| GOAL OF THE EXERCISE |
From the first line to the last, restate the data exactly, leaving out the images.

| DATA SECTION |
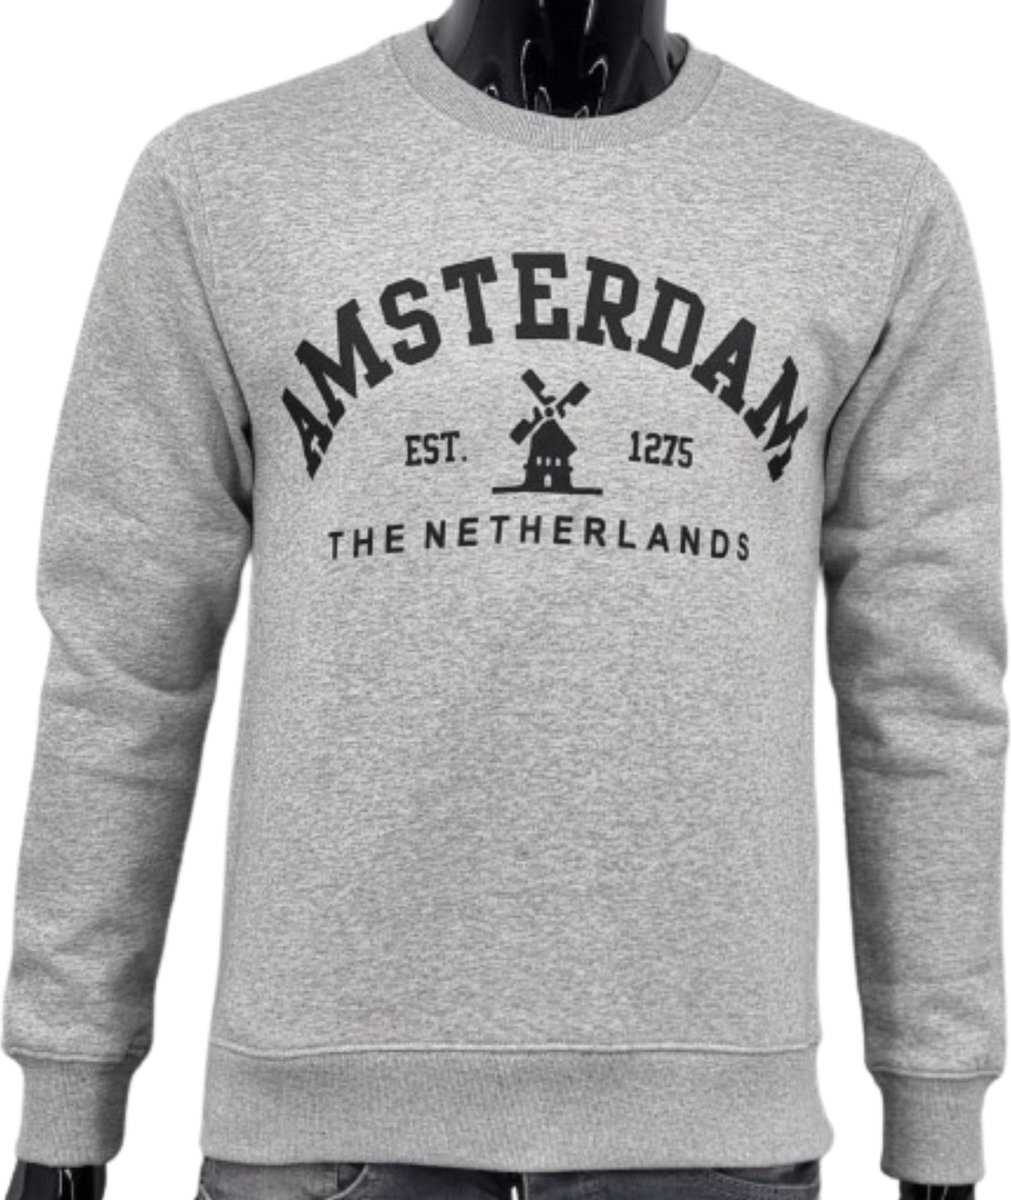 Hitman - Heren Trui - Heren Sweater - Holland Souvenir - Amsterdam Souvenir - Amsterdam Sweater - Grijs - Maat S
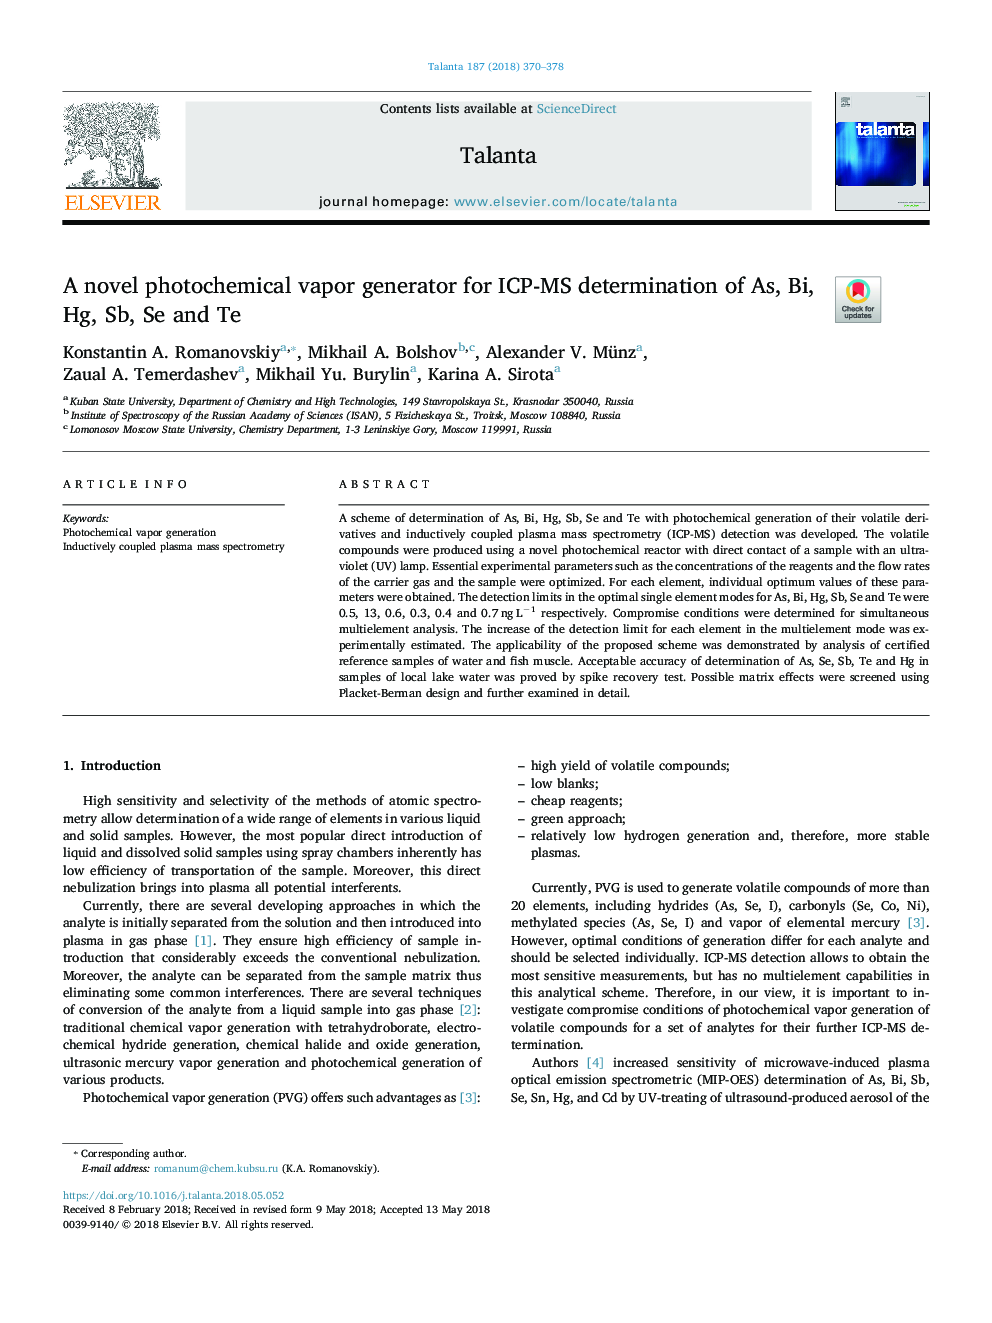 A novel photochemical vapor generator for ICP-MS determination of As, Bi, Hg, Sb, Se and Te
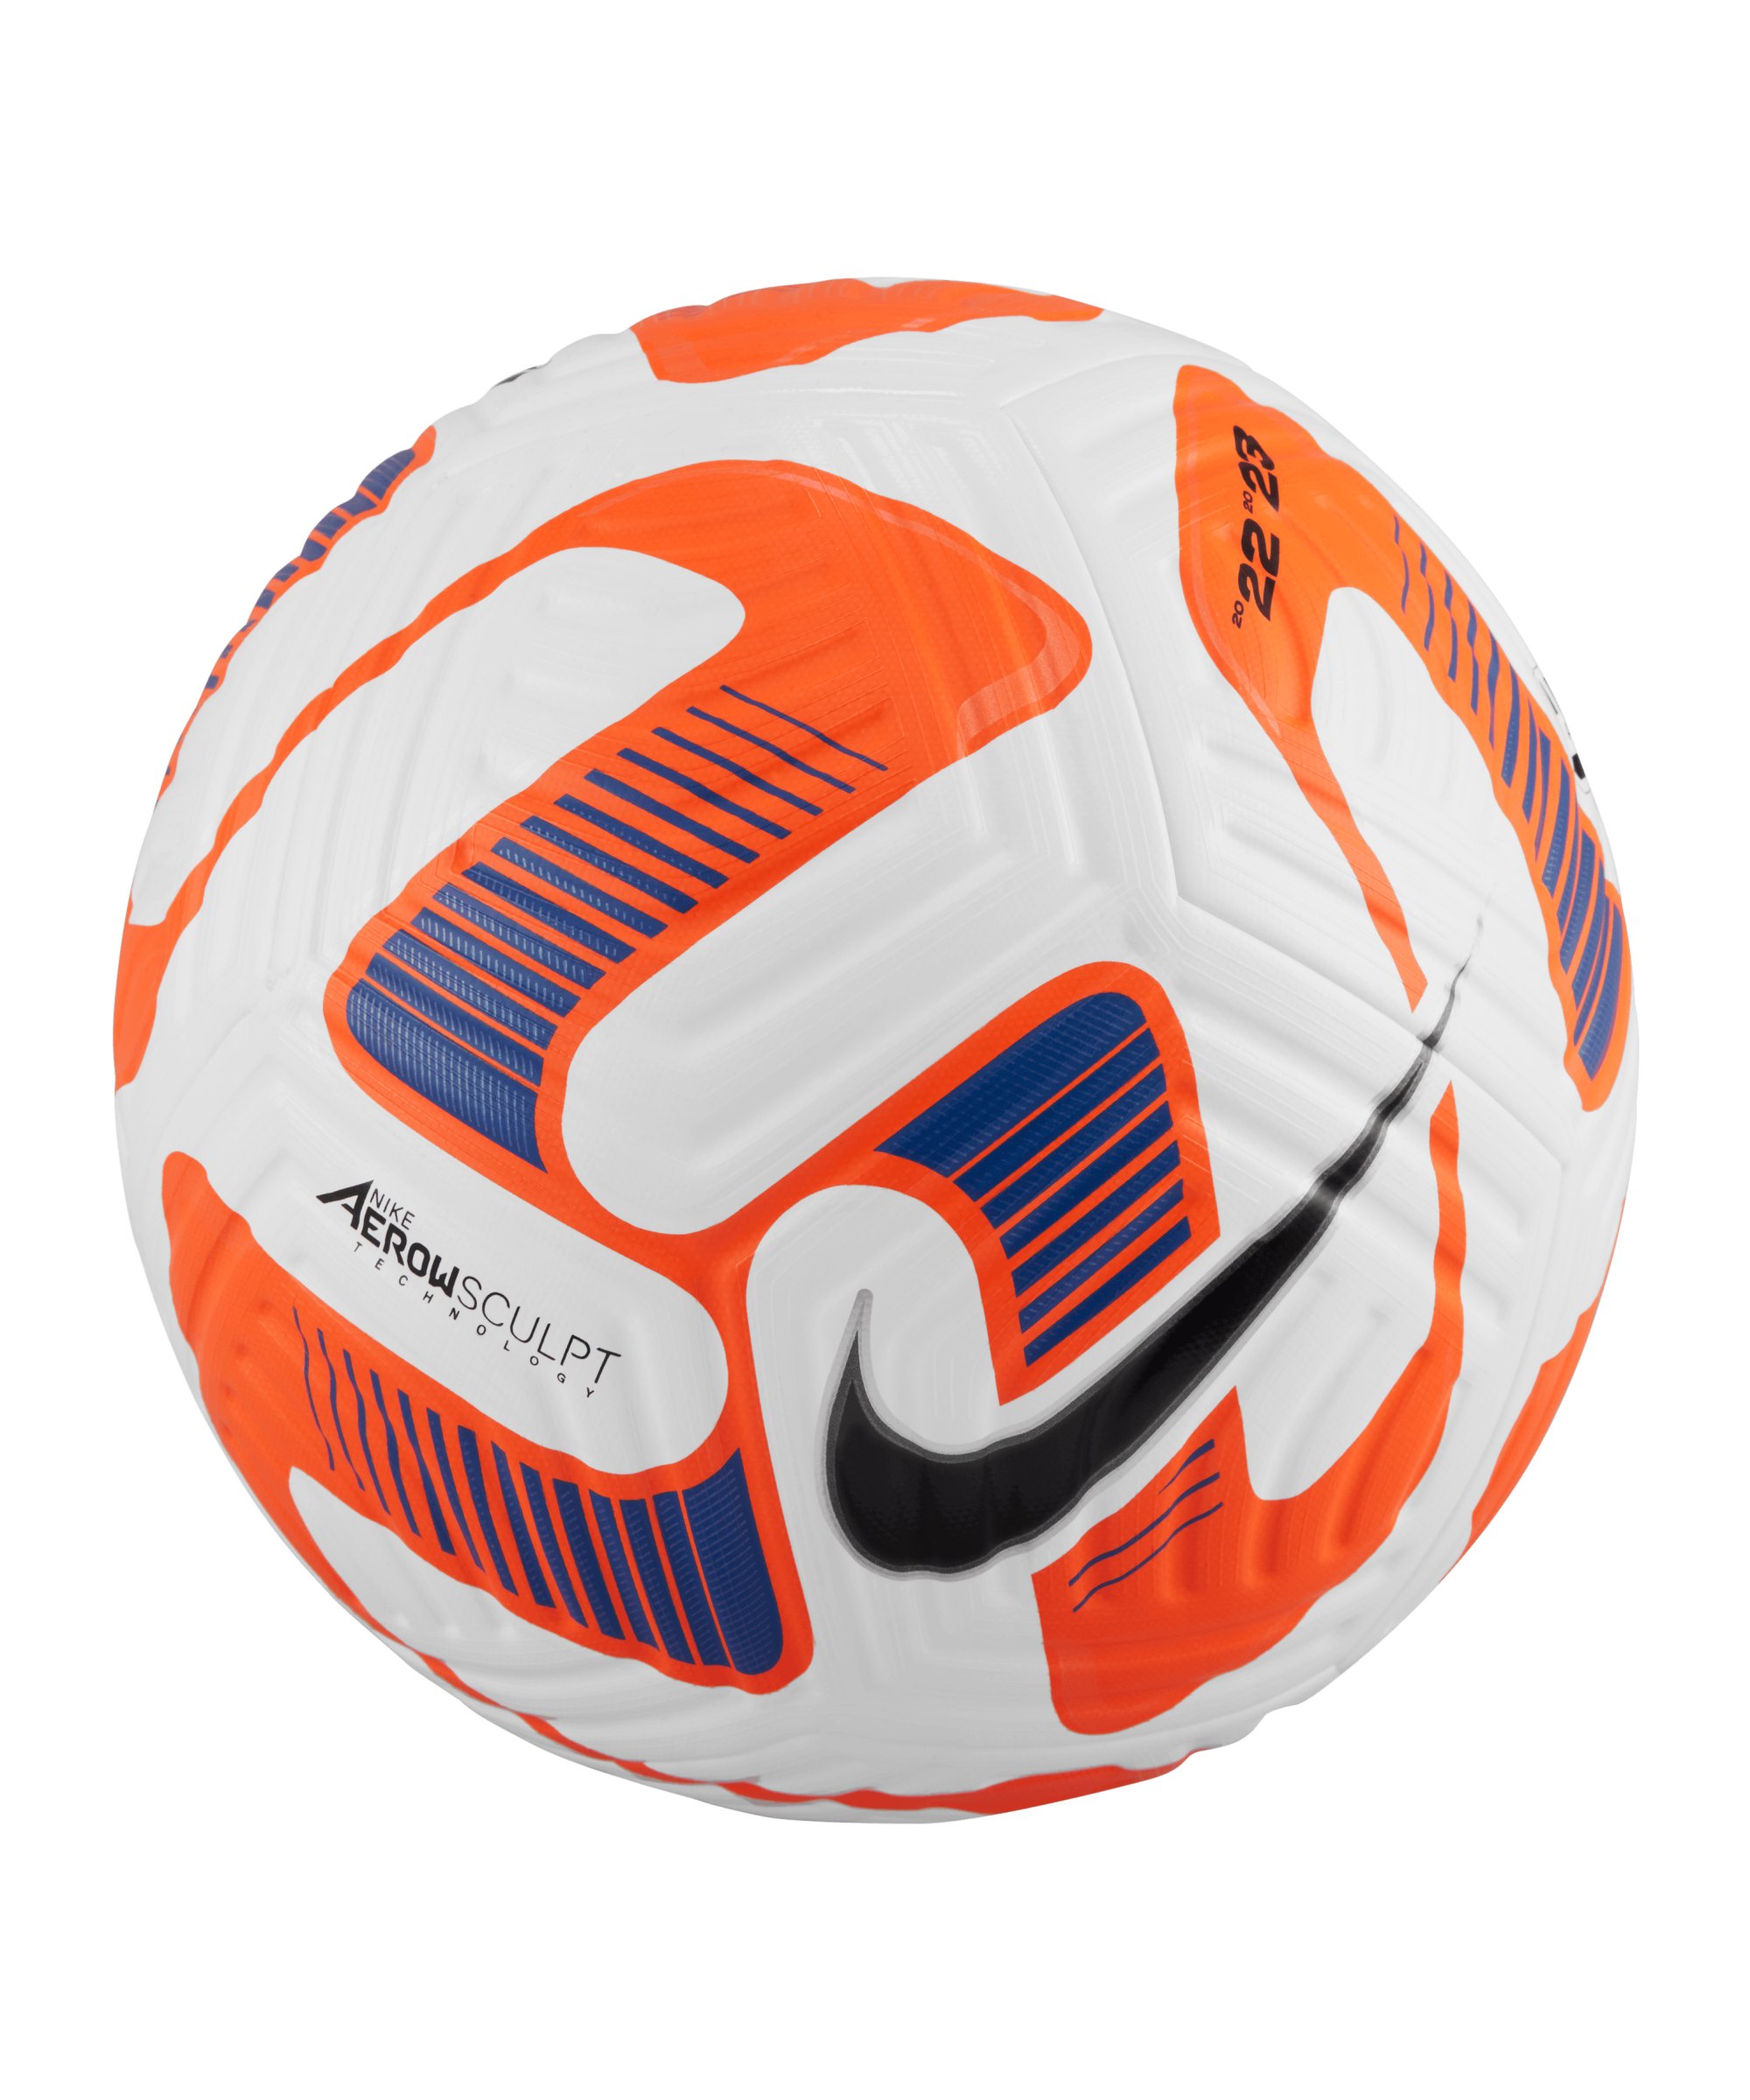 Nike Flight Spielball Weiss Orange F100 - weiss
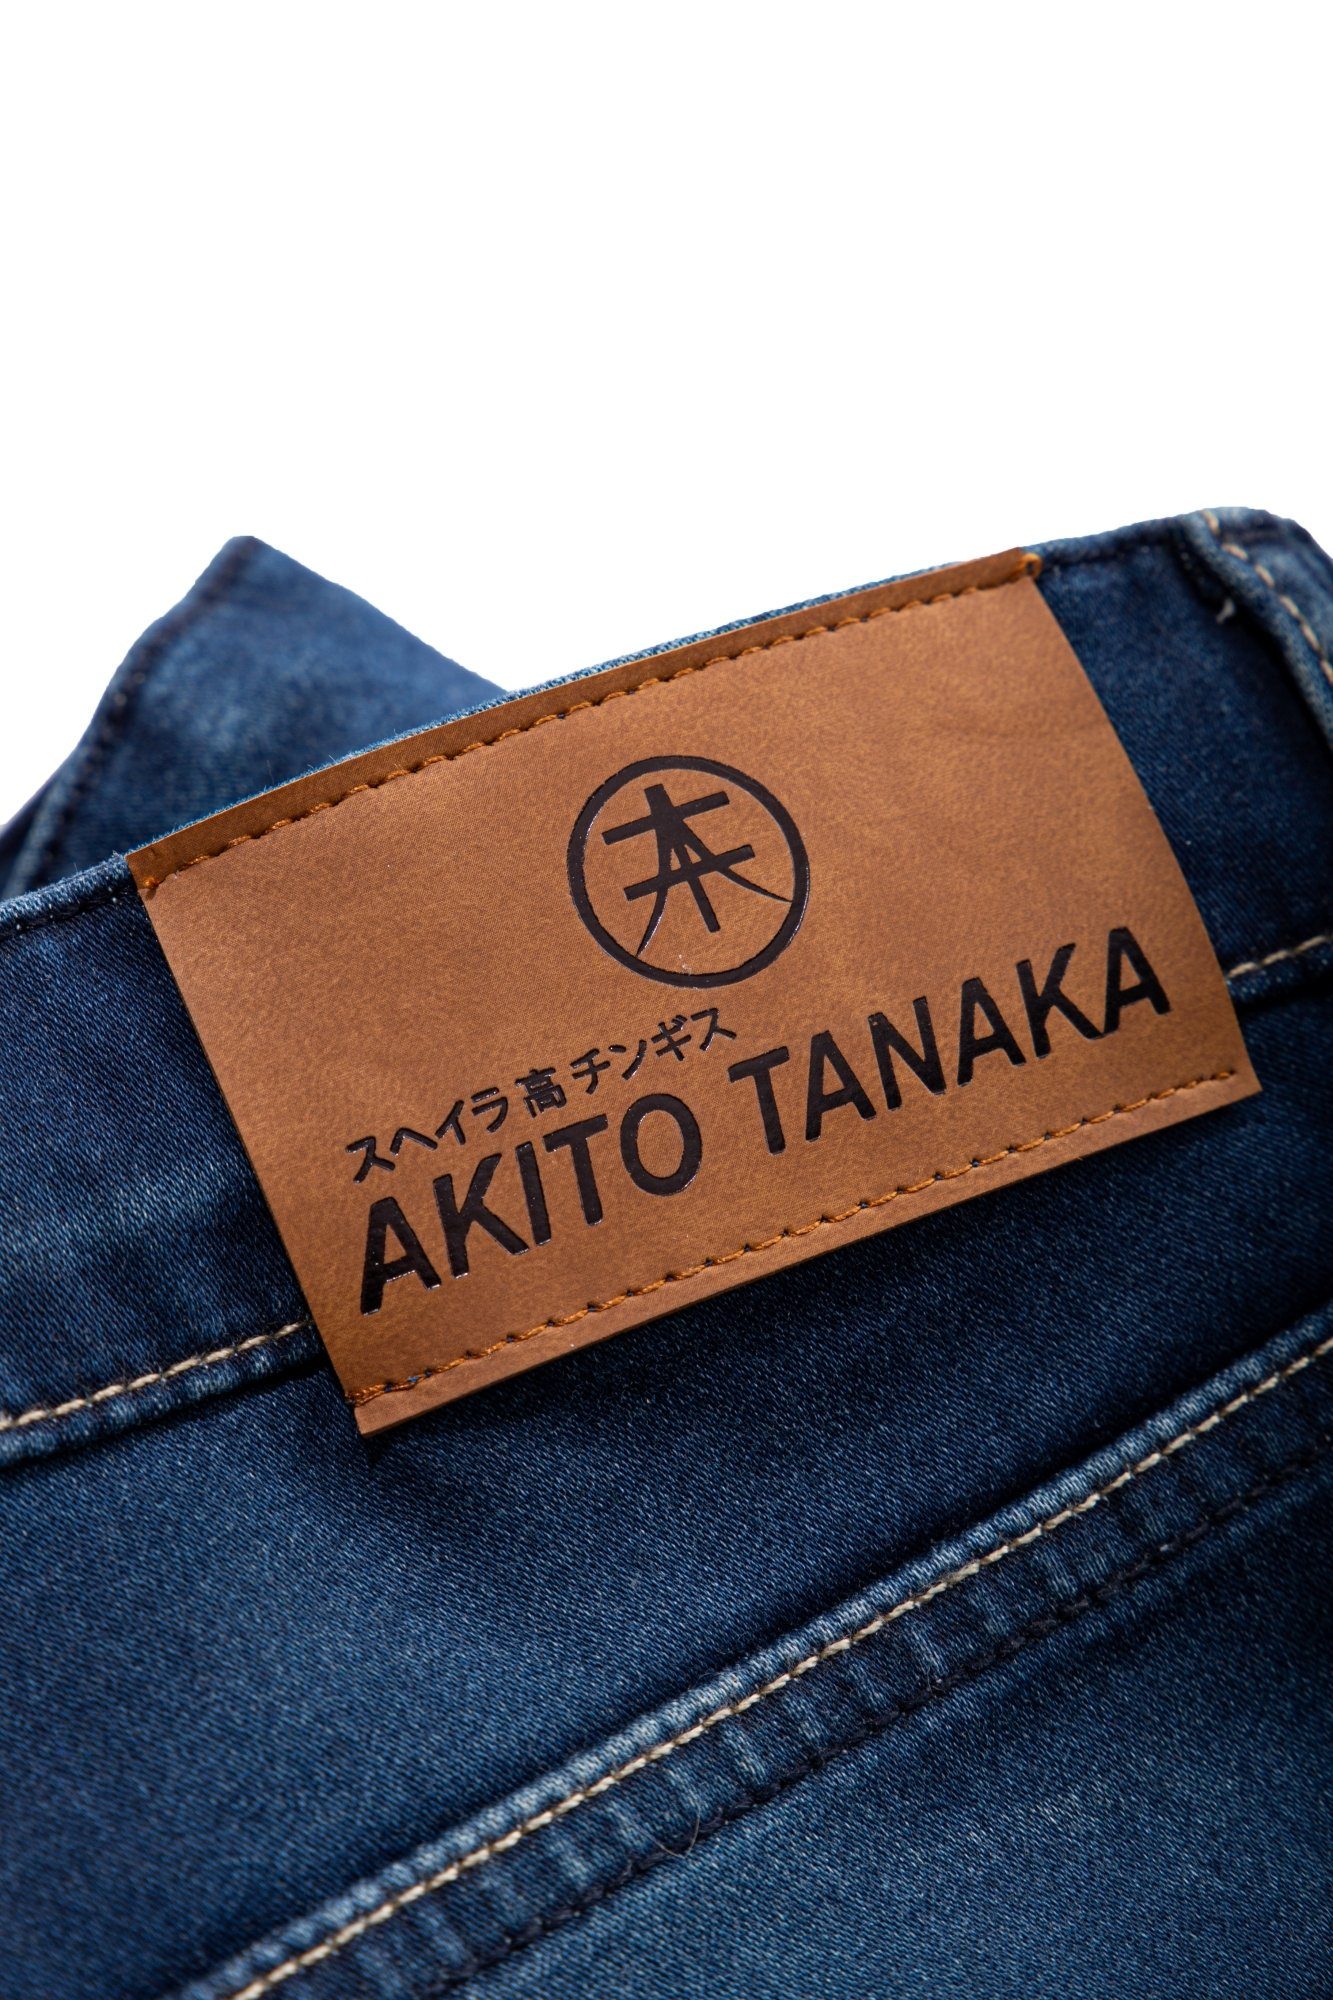 Jeansshorts Shorts elastische Akito Tanaka dunkelblau Jogg

| YOUR RESPONSE |
 Hitman - Heren Trui - Heren Sweater - Holland Souvenir - Amsterdam Souvenir - Amsterdam Sweater - Grijs - Maat S
 A novel photochemical vapor generator for ICP-MS determination of As, Bi, Hg, Sb, Se and Te
 Nike Flight Spielball Weiss Orange F100 - weiss
 Jeansshorts Shorts elastische Akito Tanaka dunkelblau Jogg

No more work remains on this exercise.